▶ What to work on
Restate every record word for word, without the pictures.
(Supplied data begins)
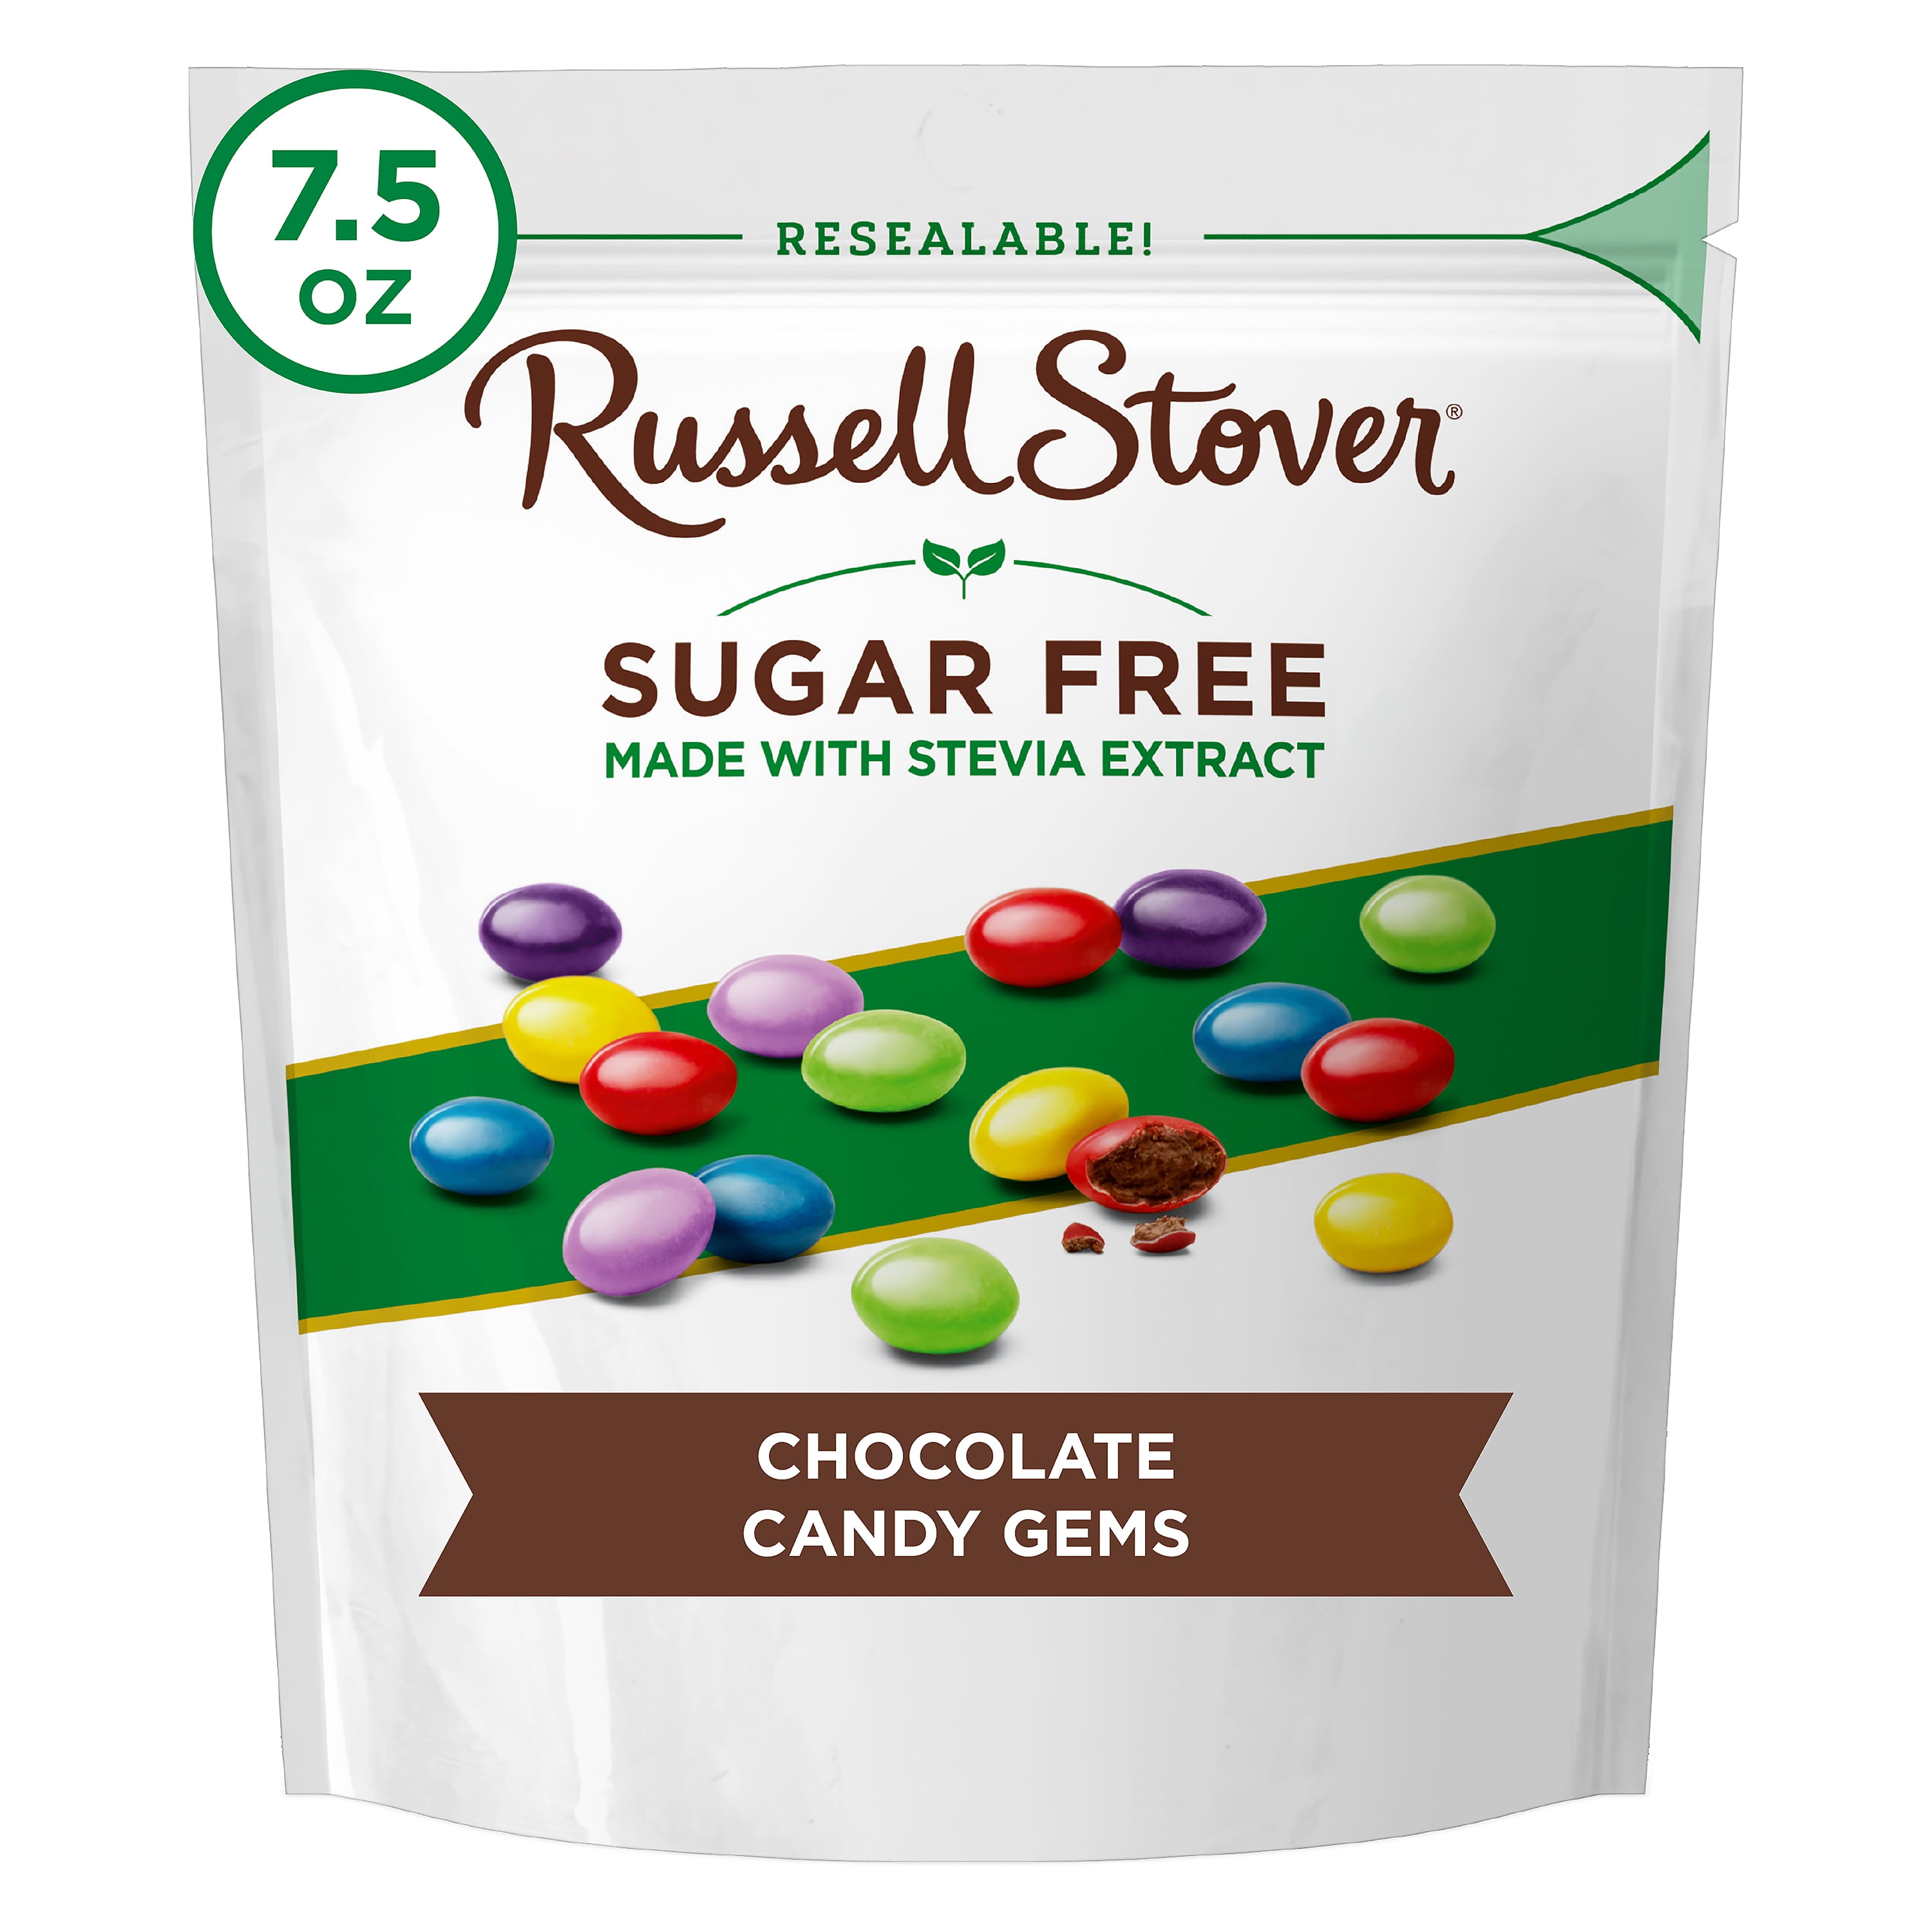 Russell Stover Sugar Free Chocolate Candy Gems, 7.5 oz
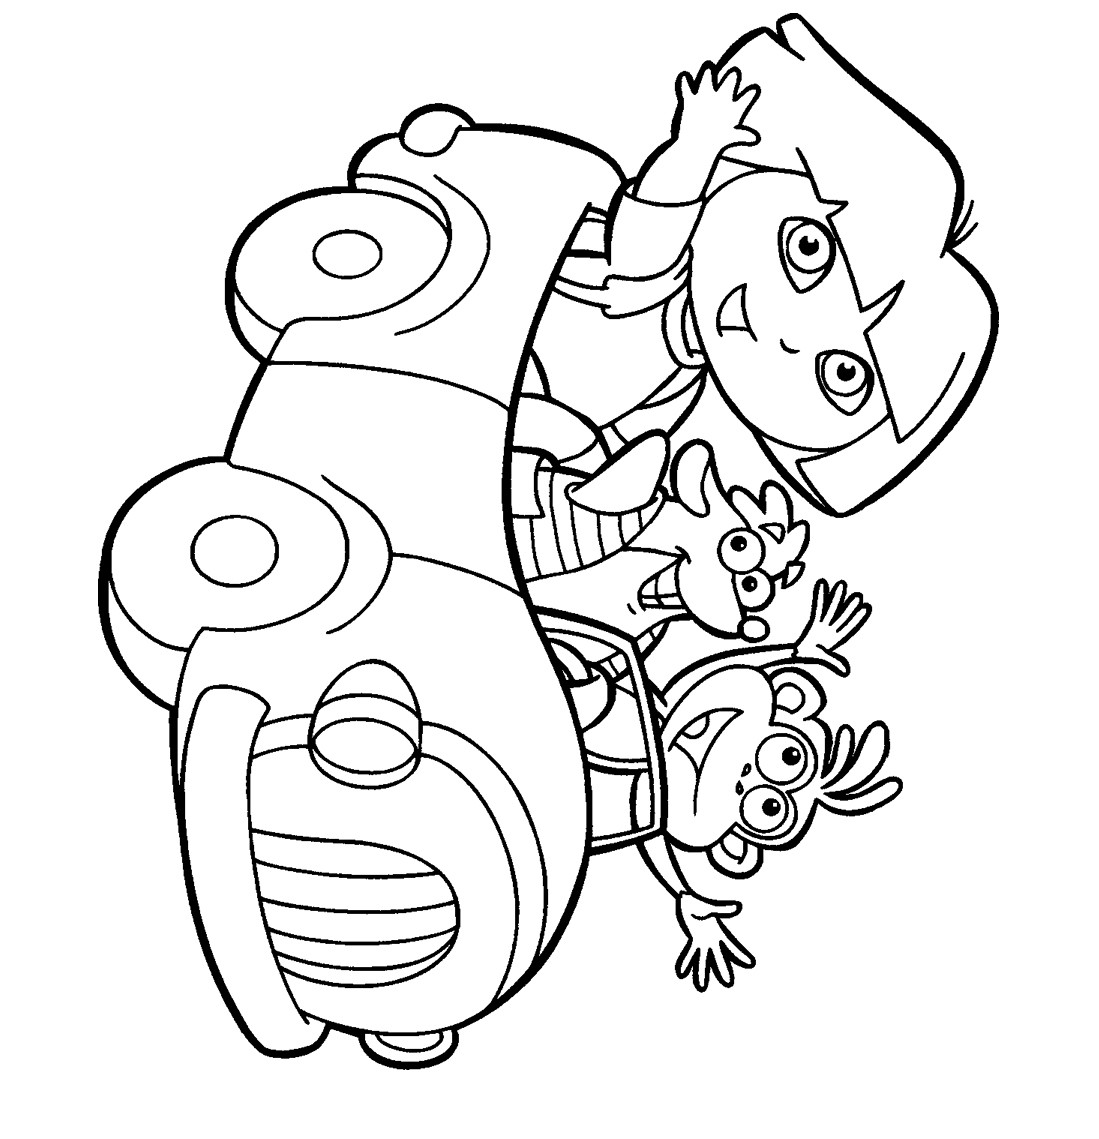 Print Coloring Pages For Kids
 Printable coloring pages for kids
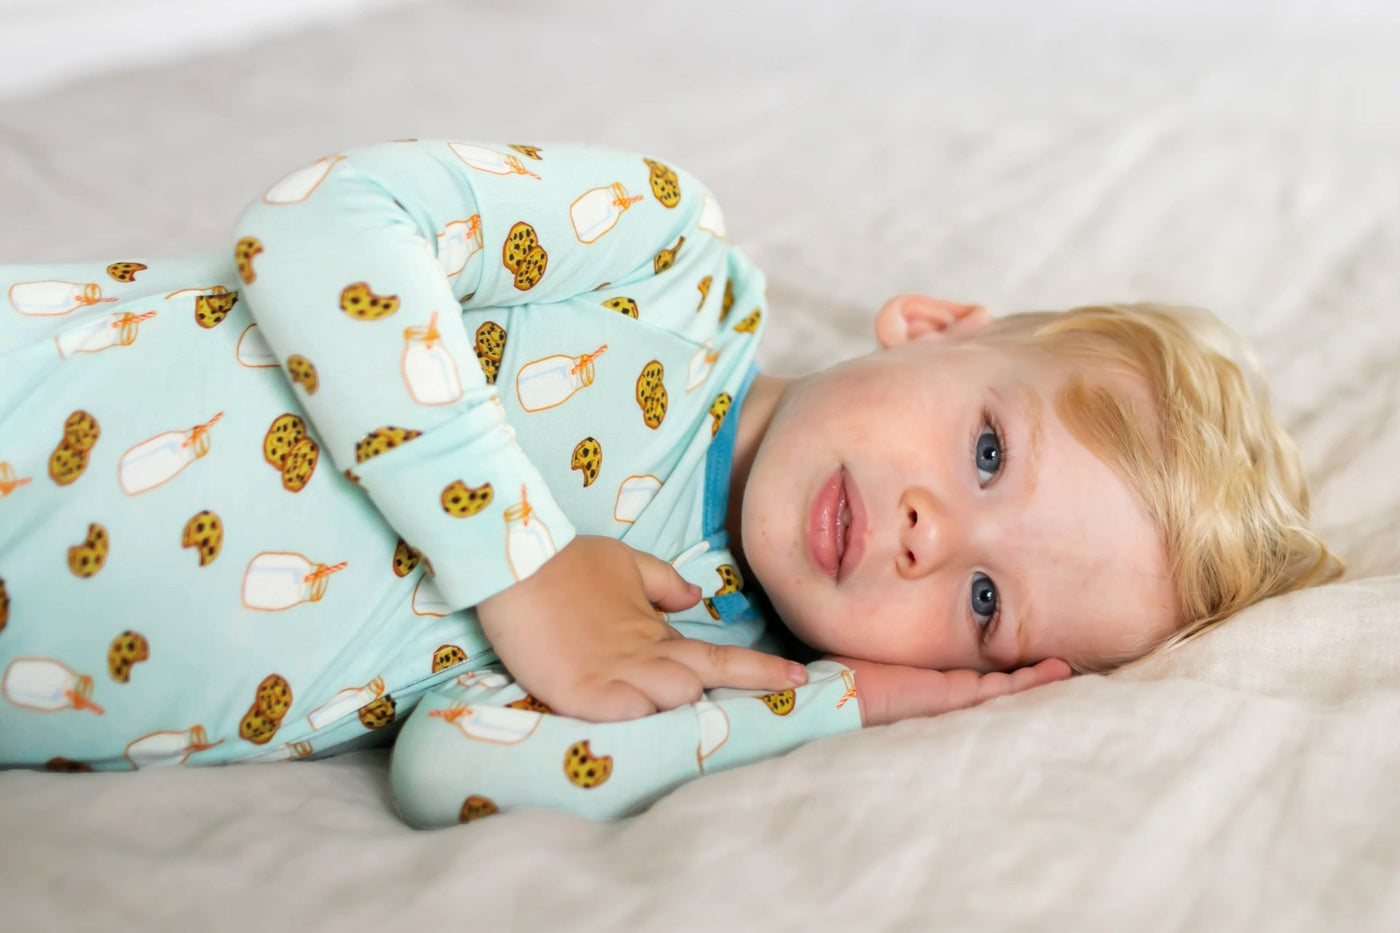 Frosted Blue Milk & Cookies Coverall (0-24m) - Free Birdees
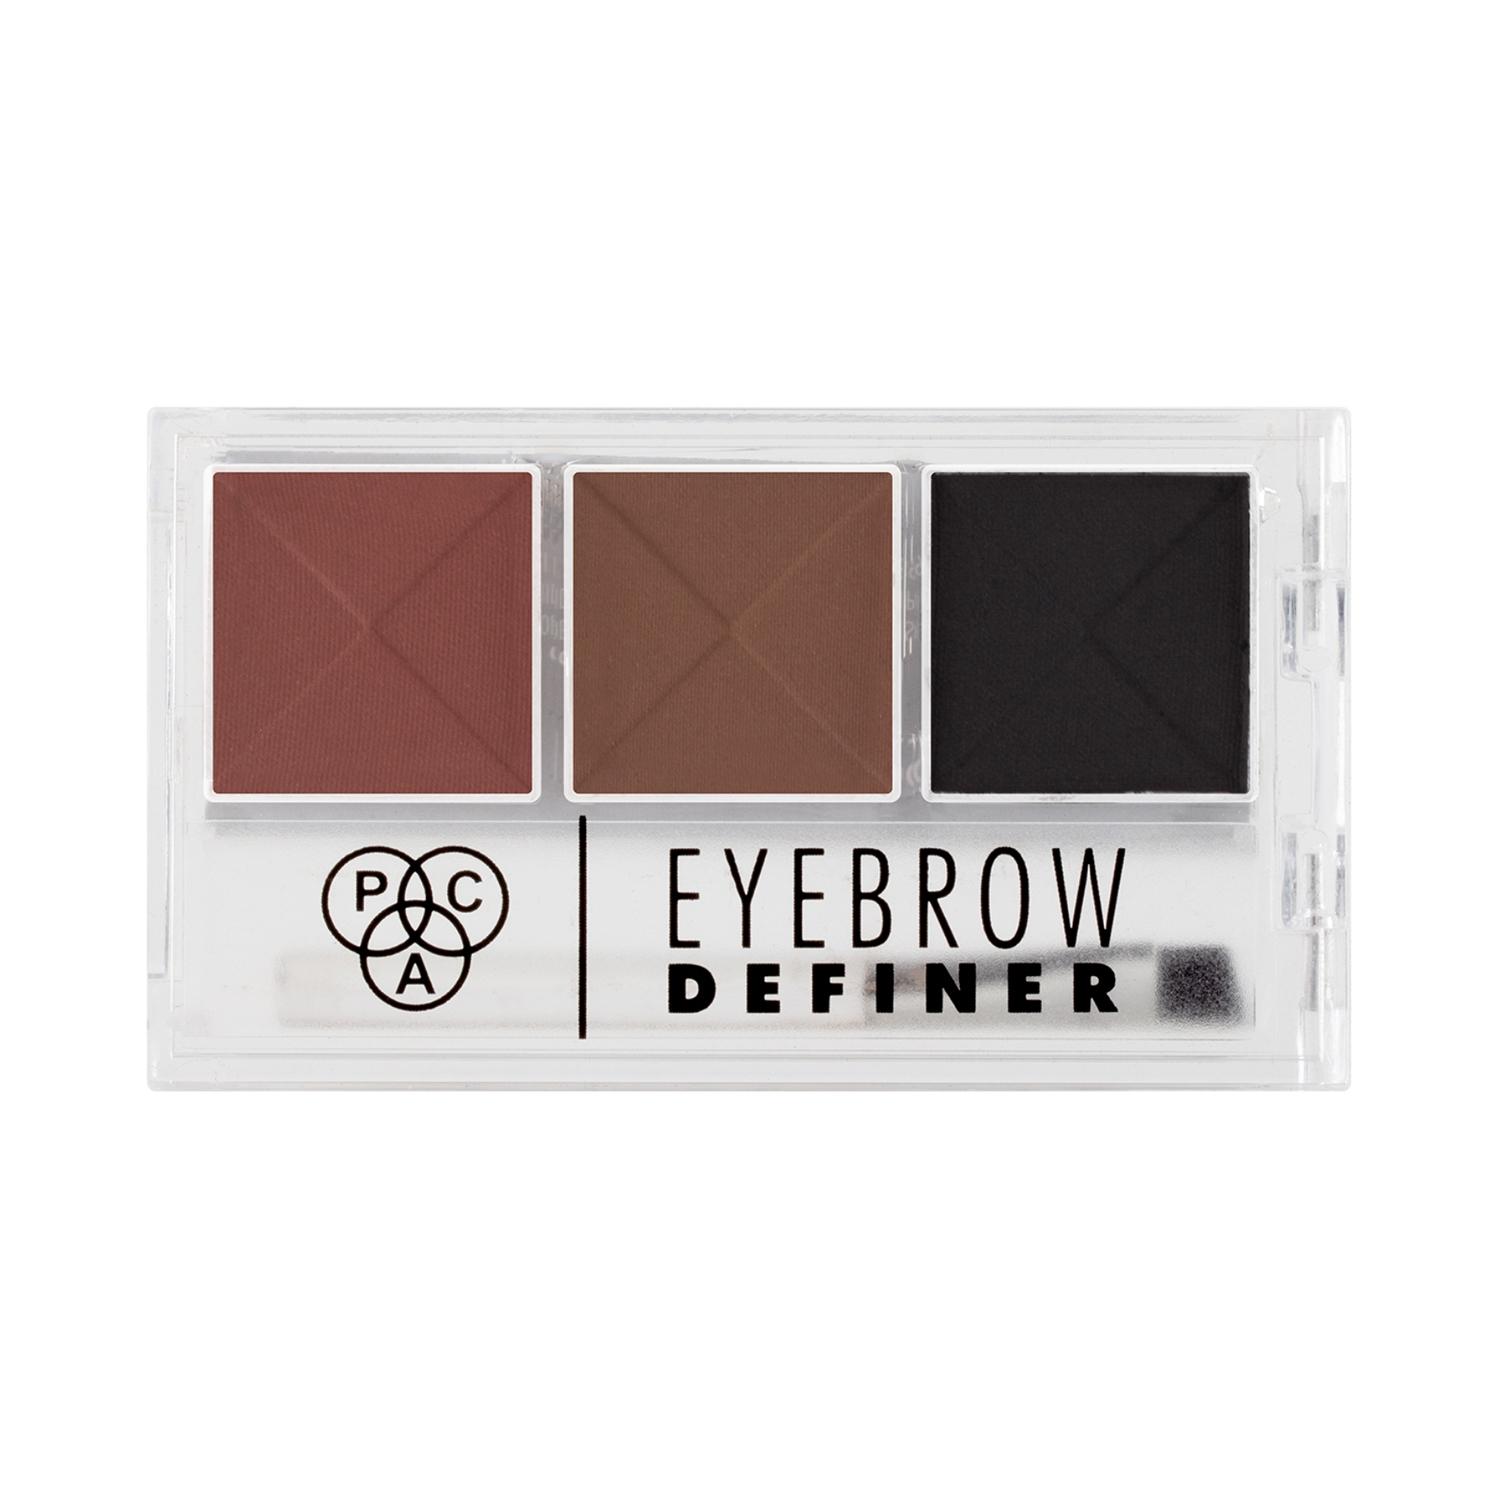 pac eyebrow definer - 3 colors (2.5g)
(Supplied data ends)
▶ Solution to the exercise
 Russell Stover Sugar Free Chocolate Candy Gems, 7.5 oz
 Print Coloring Pages For Kids
 Printable coloring pages for kids
 Frosted Blue Milk & Cookies Coverall (0-24m) - Free Birdees
 pac eyebrow definer - 3 colors (2.5g)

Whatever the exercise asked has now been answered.